По выражению лица бандита нельзя было судить – собирается ли он расправиться с Костей или просто хочет поиздеваться? Он спокойно раскуривал папиросу, щурился. Заговорил он неожиданно добродушно и миролюбиво:

– Давай, Костя, не ссориться, ударим по рукам. Ты мальчишка неглупый, сообразительнее и Виктора и Махмуда, и нам ссориться нет никакого смысла. Мы будем командовать щеглятами, они на нас поработают. Хочешь, сейчас поедем и купим тебе велосипед?

– Не нужен мне велосипед, – отказался Костя.

– А чего бы ты хотел?

– Ничего мне не надо.

– И ты не хочешь дружить с Виктором и Махмудом?

– Хочу.

– Другой разговор. Так по рукам?

– Нет. – Костя встал. – Я буду дружить с ними, но без тебя… Ты можешь шагать своей дорогой.

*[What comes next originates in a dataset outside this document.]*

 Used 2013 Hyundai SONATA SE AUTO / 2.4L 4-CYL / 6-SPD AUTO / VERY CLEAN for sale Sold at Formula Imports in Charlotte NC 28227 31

Все равно до тюрьмы дошагаешь…

– Но, но! – Крюк вскочил, медленно подошел, схватил Костю за шиворот, швырнул его в каморку и захлопнул дверь. – Посиди, поразмысли. Потом мы еще поговорим, – пообещал он и ушел.

СУМАТОШНЫЙ ДЕНЬ

В это утро Михаил, прежде чем ехать в управление, решил заглянуть в отделение, узнать, есть ли какие новости. Он, не торопясь, шел по улице, разглядывая горожан с пристрастием человека, любящего свой город и живущих в нем людей. Он досадовал на неряшливо одетых женщин, хмуро глядел на дворников, плохо подметающих тротуары, и улыбался девушкам, бегущим на фабрики, в простеньких, со вкусом сшитых платьях. Ох, как хотелось Михаилу, чтобы все было вокруг красиво, чтоб из жизни людей навсегда исчезли страдания и муки! Настанет ли время, когда работникам милиции не надо будет ловить воров и урезонивать хулиганов, когда они будут только регулировать движение по городу, наблюдать за чистотой во дворах и на улицах и, может быть, провожать неряшливых мужчин и женщин в ателье, чтобы навести порядок в их одежде.

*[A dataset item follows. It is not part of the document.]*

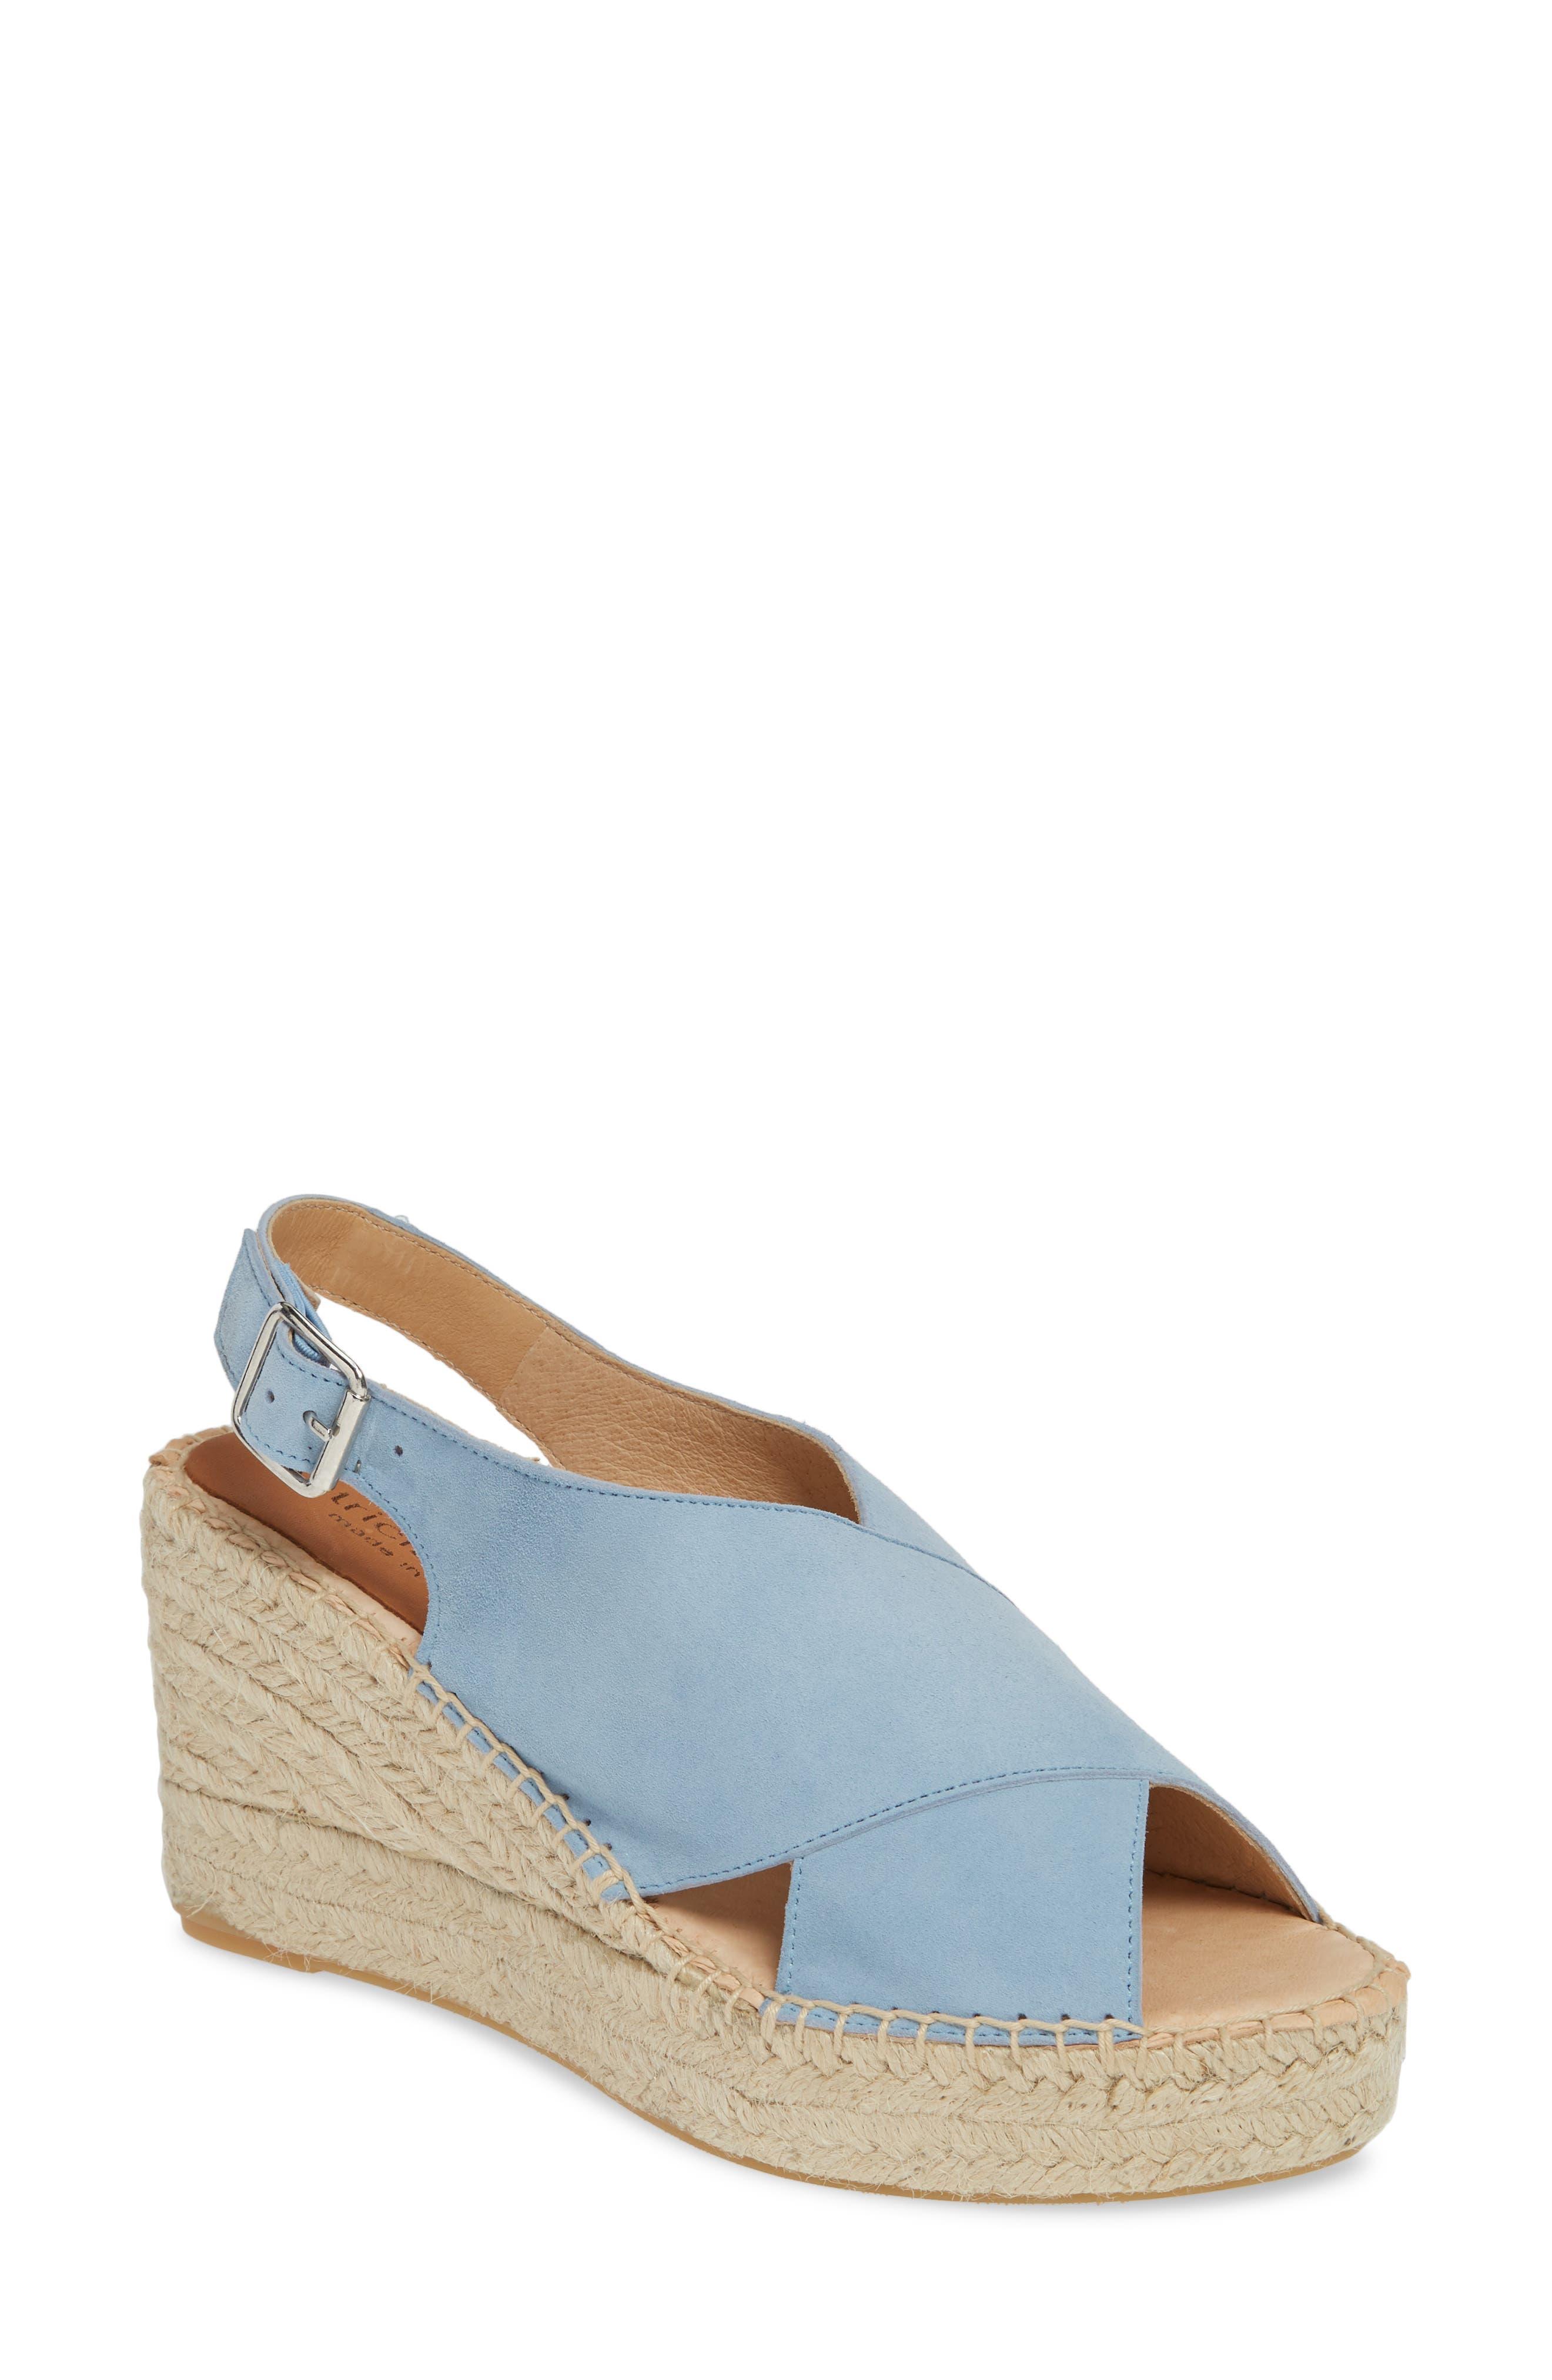 Patricia Green Madeline Espadrille Wedge Sandal, Blue

По тротуарам большей частью шли рабочие. Одни растекались от ворот фабрик и заводов, другие вереницей втягивались в проходные. И Михаилу невольно пришла в голову мысль: рабочие и милицейские работники круглые сутки на посту, им нельзя делать перерыва, иначе может случиться авария.

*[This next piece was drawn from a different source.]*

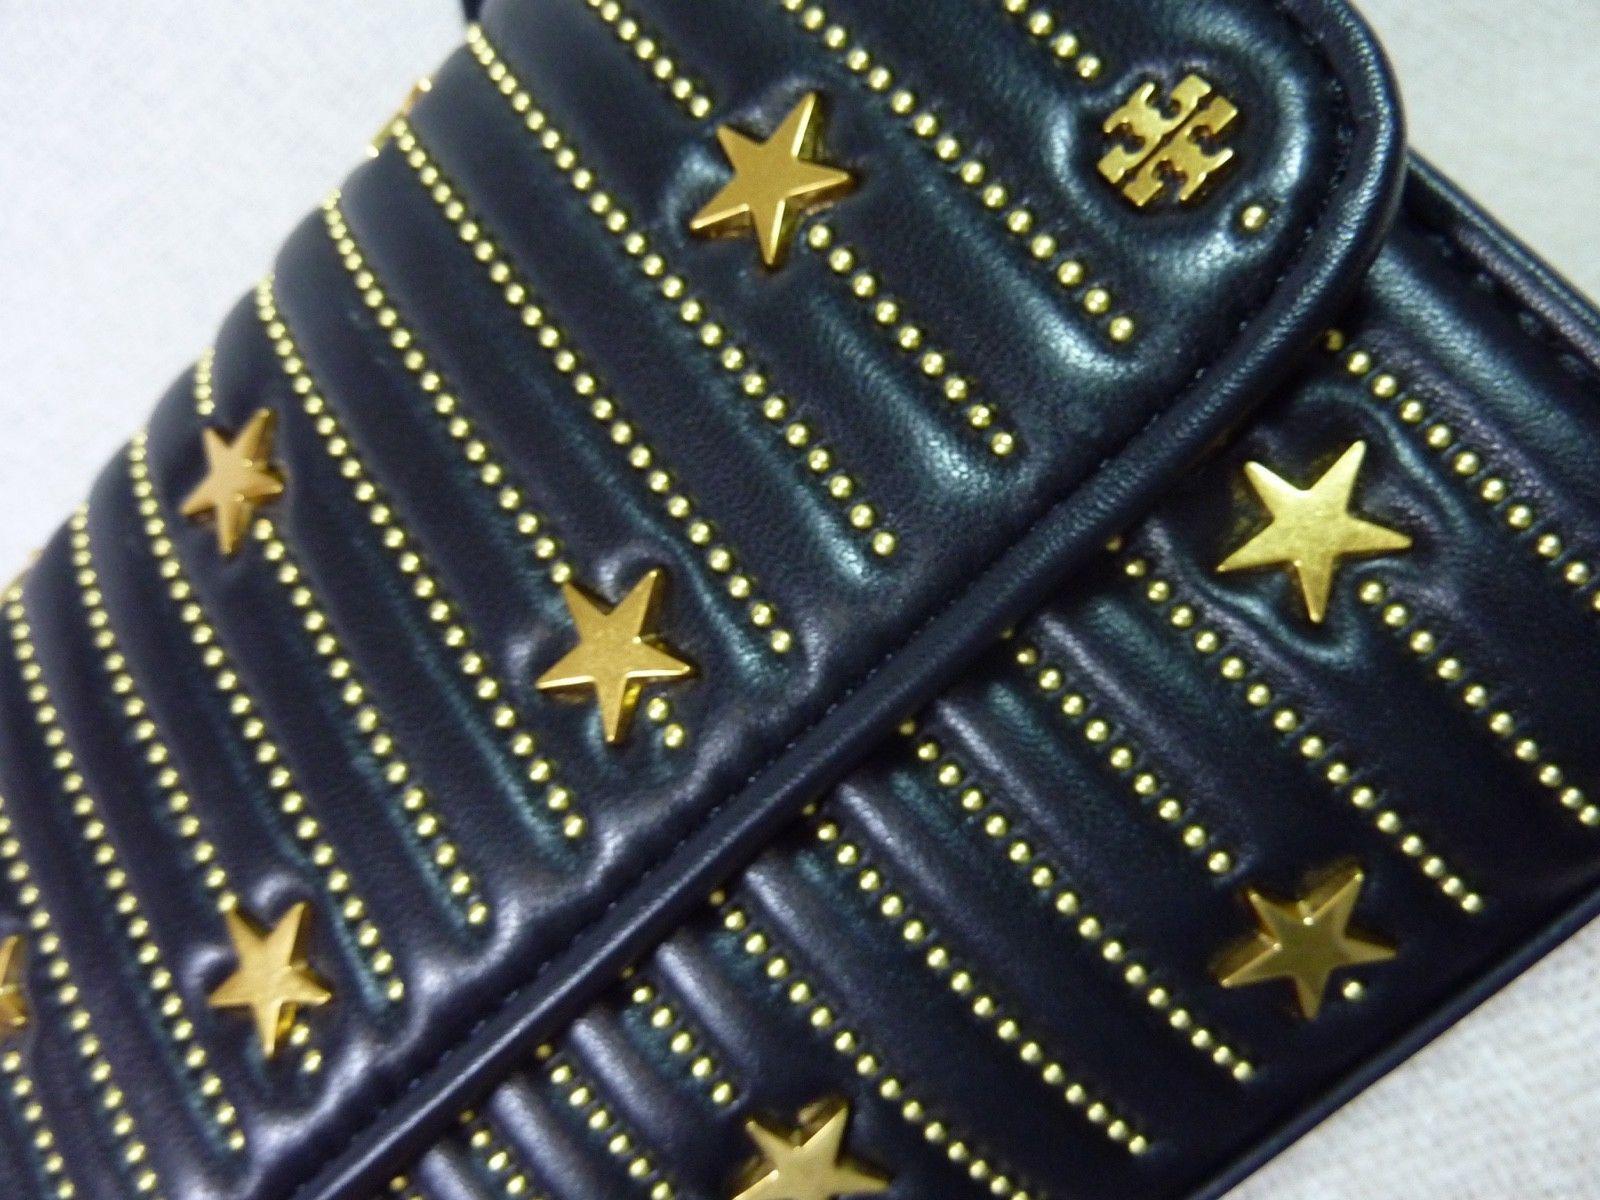 NWT Tory Burch Black Fleming Star-Stud Small Convertible Bag image 7

Дежурный по отделению окликнул задумавшегося Михаила у самого входа. Около стола дежурного сидел старик в тюбетейке, белой рубашке и галошах на босу ногу. У старика – морщинистое лицо и белые волосы, подвижные, веселые и ясные глаза.

– Михаил Анисимович, разберитесь, пожалуйста. Гражданин требует начальства – и все, – пожаловался дежурный. – Я ему говорю: капитана еще нет, рассказывайте мне, а он заладил свое – давай начальника. И ничего я с ним не могу поделать. Вот старший оперуполномоченный, говорите с ним, – обернулся он к старику.

– Совсем несознательный, – махнул рукой в сторону дежурного старик и легко поднялся со стула. – Большое дело большой начальник должен слушать.

Старик осмотрел Михаила веселыми – в красных прожилках – глазами и спросил с недоверием:

– Старший?

– Старший, – улыбнулся Михаил.

– Пойдем, большое дело есть.

Старик быстро семенил по коридору, шлепая галошами, сцепив руки на выпуклом животе. В кабинет он юркнул так ловко, что Михаил еле сдержал смех. Усевшись поудобнее на стуле, старик сразу приступил к делу и посыпал такой скороговоркой, что Михаил с трудом улавливал смысл его речи.

– Зачем много водку пить? Плохой человек, нехорошо живет. Моя квартира – не ресторан. Советский человек должен честно жить, работать, праздник каждый день не устраивать.

В общем, после наводящих вопросов, Михаил, наконец, понял, что у старика снял комнату Петр Крюков* к нему часто заходят его друзья, и они устраивают пьянки. Считая сообщение старика важным, Михаил не стал дожидаться капитана Акрамова.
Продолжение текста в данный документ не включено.